Filed under: ETH,Language,Mathematics @ 20:56

Topological thinking is rooted in local issues — the soil, the plants, the weather, and the local customs. Peoples’ well-being is its objective.

03.02.2013

### Stickelberger’s copy of Jacobi’s “Canon arithmeticus”

Filed under: ETH,Mathematics,Switzerland @ 17:45

I am currently the head of the Mathematics Library at ETH (which is separate from the main library). A few days ago, I surveyed some of the (relatively) old books in our collection with one of the librarians, just to see if some of these should be handled in a special way.

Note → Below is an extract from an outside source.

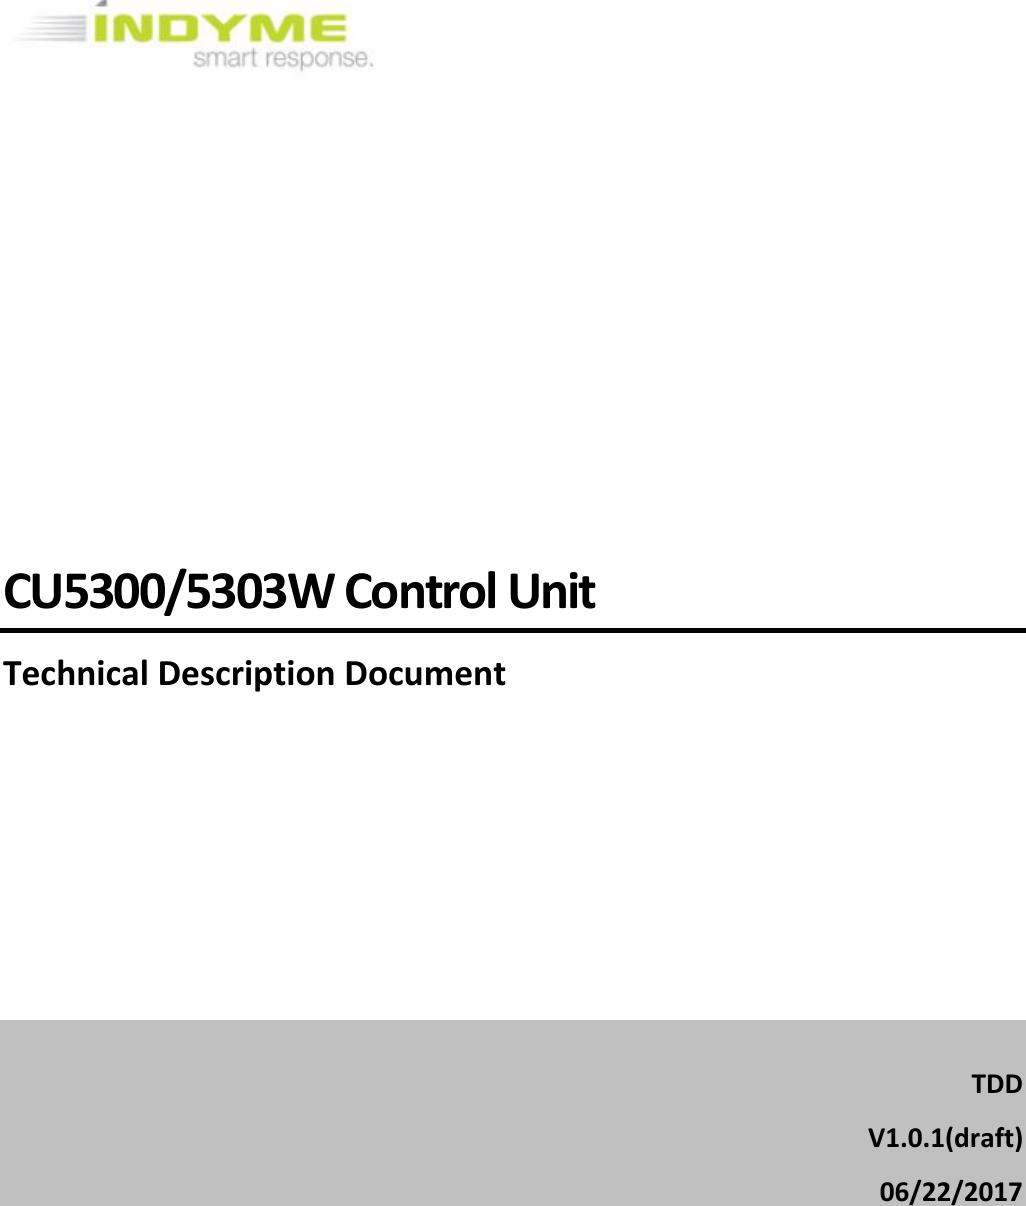            CU5300/5303W Control Unit Technical Description Document       TDD  V1.0.1(draft) 06/22/2017

We didn’t find anything really out of the ordinary (no copy of Poincaré’s works heavily annotated by H. Weyl, I’m afraid), but one book has some historical interest: it is (or seems to be) Stickelberger’s copy of Jacobi’s “Canon arithmeticus”

a table of primitive roots and discrete logarithms for primes up to 1000.

Stickelberger’s signature is found on one of the first pages

The table itself, as it took me a few minutes to understand (my Latin being non-existent), lists for each prime $p\leq 1000$ the “Numeri” $1\leq N\leq p-1$ and the “Index” $1\leq I\leq p-1$, which are defined by the relation
$N=\rho^I,$
for some primitive root $\rho$ modulo $p$, which can be identified easily by looking for the number for which $I$ is equal to $1$:
$\rho=\rho^1.$

So above we see that Jacobi selected $2$ as primitive root modulo $5$ and $11$, and $3$ as primitive root modulo $7$, or $6$ as primitive root modulo $13$. Obligingly, he also indicates the factorization of $p-1$ (so that all primitive roots can be easily found by checking whether the corresponding index is coprime with $p-1$).

Like the copy which was digitized by Google, Stickelberger’s has a list of corrections at the end, and most (if not all: I didn’t check…) of these are incorporated in pencil in the main text, as here with $p=71$:

However, Stickelberger (if it was him) also had another list of corrections, written down on a separate loose sheet of paper inserted at the end of the book.

These corrections are reproduced from the paper On quasi-mersennian numbers by Lieutenant Colonel Allan Cunningham in Vol. 41 of the Messenger of Mathematics (a volume which seems famous in statistical circles because it contains, ten pages later, an important paper of R.A. Fisher on maximum likelihood…) But even Cunningham’s corrections contain a few mistakes, which Stickelberger reports (though with question marks):

Indeed, for $p=757$, the primitive root chosen by Jacobi is $\rho=2$ and we have
$2^{468}=565\bmod{757},$
instead of $568$ reported by Cunningham (and $168$ in the Canon).

As far as I could see during my quick inspection, there are no further annotations or comments by Stickelberger, nor any date indicating when he acquired this book. The publication date is 1839, and the only other indication is that the volume of the Messenger of Mathematics with Cunningham’s paper appeared in 1912. I also do not known when and how the book entered the collection of ETH.